A Yamaha dreadnaught.  It wasn’t a Martin, but in my eyes and at that time, it was heaven.  It felt so good. It played so beautifully (even bar chords were possible) My dream guitar.  I played it at school, at church, in my bedroom, in the city park…everywhere.  It was a part of me. It was everything I wanted in a guitar.  Until…

And now you get (as Paul Harvey used to say…) the rest of the story.

My eye spotted and Aria in the hands of a good buddy…It glistened like woman;s ruby lips. I had to have her. So, we traded cash and guitars.  Then a Takamini. Then a Gibson. Then a Martin. Then a Fender and a Les Paul (first an Epiphone then later the real McCoy made in Nashville.)  I added to the collection guitars from Guild, PRS, G&L, SCGC, Taylor, Eastman, a few more Martins and Gibsons, A Jose’ Ramirez, another Takamini. Hofner –both Bass and six-string.  An ES 335, an ES 175, and on and on and on it went. Gibson begat Collings, which begat Benedetto which begat a twelve fret program my wife has me on now. I am not allowed into a guitar store without the aid of a friend firmly holding onto my credit card or other fiduciary controls or a person who is already in the witness protection program for GAS. (Guitar Acquisition Syndrome.)

The number of guitars grew and grew and soon surpassed 35. At first I called them my good luck seven.  Then there was the sweet sixteen.  (This was long before the NCAA copied my nomenclature.) 21 was a lucky number. I stayed there for a few months. Or was it weeks? 

35!

They were stacked in three rooms, hanging on the walls taking up sofa space and  spilling into the bedrooms. I even found myself in the ownership of a Yamaha just like the one I had purchased in Longview back in junior high school. I had come full circle. Through a series of marriages and kids and different houses, jobs and crisscross ventures from one coast to the next, I slowly whittled down the number to fifteen. Then to ten. And finally today it stands at 5 (Although I have just seen a #six lurking in the window at a high-end acoustic store…)

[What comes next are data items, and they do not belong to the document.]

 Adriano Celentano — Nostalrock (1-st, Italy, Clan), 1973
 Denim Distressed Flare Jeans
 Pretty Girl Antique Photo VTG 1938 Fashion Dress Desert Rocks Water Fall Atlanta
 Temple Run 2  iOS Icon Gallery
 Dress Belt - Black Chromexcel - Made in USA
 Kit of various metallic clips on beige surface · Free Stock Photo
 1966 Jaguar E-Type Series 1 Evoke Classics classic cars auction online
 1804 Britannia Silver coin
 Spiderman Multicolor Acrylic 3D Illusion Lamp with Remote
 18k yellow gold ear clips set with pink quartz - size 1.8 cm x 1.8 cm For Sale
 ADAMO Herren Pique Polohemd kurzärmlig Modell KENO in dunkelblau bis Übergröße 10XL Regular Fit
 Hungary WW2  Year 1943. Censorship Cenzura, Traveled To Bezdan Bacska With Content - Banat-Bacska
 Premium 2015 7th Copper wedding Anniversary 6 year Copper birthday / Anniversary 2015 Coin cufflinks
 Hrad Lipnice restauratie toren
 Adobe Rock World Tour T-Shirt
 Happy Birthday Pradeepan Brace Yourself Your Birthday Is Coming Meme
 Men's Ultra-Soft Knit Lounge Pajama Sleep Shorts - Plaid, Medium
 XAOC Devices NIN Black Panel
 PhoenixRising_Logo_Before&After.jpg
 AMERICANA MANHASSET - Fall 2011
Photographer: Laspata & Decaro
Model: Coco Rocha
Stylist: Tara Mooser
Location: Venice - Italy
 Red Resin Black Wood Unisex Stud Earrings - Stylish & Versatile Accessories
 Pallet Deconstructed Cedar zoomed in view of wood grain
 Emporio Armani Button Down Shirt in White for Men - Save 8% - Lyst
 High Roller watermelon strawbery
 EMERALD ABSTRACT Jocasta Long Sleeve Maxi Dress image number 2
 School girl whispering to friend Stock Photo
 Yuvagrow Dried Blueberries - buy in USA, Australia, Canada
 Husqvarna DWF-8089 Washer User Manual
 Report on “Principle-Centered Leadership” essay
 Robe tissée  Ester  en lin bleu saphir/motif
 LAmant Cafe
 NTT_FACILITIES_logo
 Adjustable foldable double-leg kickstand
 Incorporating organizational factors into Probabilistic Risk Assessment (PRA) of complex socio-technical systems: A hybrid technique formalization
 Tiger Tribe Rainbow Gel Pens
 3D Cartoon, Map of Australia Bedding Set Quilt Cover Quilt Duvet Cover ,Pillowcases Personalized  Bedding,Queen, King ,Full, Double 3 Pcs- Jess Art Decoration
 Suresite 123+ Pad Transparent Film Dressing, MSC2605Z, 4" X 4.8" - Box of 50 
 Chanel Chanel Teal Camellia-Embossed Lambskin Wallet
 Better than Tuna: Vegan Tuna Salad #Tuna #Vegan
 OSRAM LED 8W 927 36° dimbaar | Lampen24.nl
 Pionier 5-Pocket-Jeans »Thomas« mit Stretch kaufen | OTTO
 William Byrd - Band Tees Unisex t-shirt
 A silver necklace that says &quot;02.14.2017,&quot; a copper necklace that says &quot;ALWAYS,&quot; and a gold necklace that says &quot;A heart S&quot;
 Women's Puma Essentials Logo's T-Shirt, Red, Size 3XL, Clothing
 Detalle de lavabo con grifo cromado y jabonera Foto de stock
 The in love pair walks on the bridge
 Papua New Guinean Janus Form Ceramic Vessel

I am not sure I am making any better music now than I used to. But I am trying.  I practice on those five all the time. Daily.  Sometimes hourly.  And I am sure that #6 would make me a better player…

* If you are not familiar with that term, it means I asked my friends and friends of theirs to answer a couple of questions.  Very little scientific demographic profiling here.  Just some basic information. But it gets us in the ballpark  (or on the stage) as it were.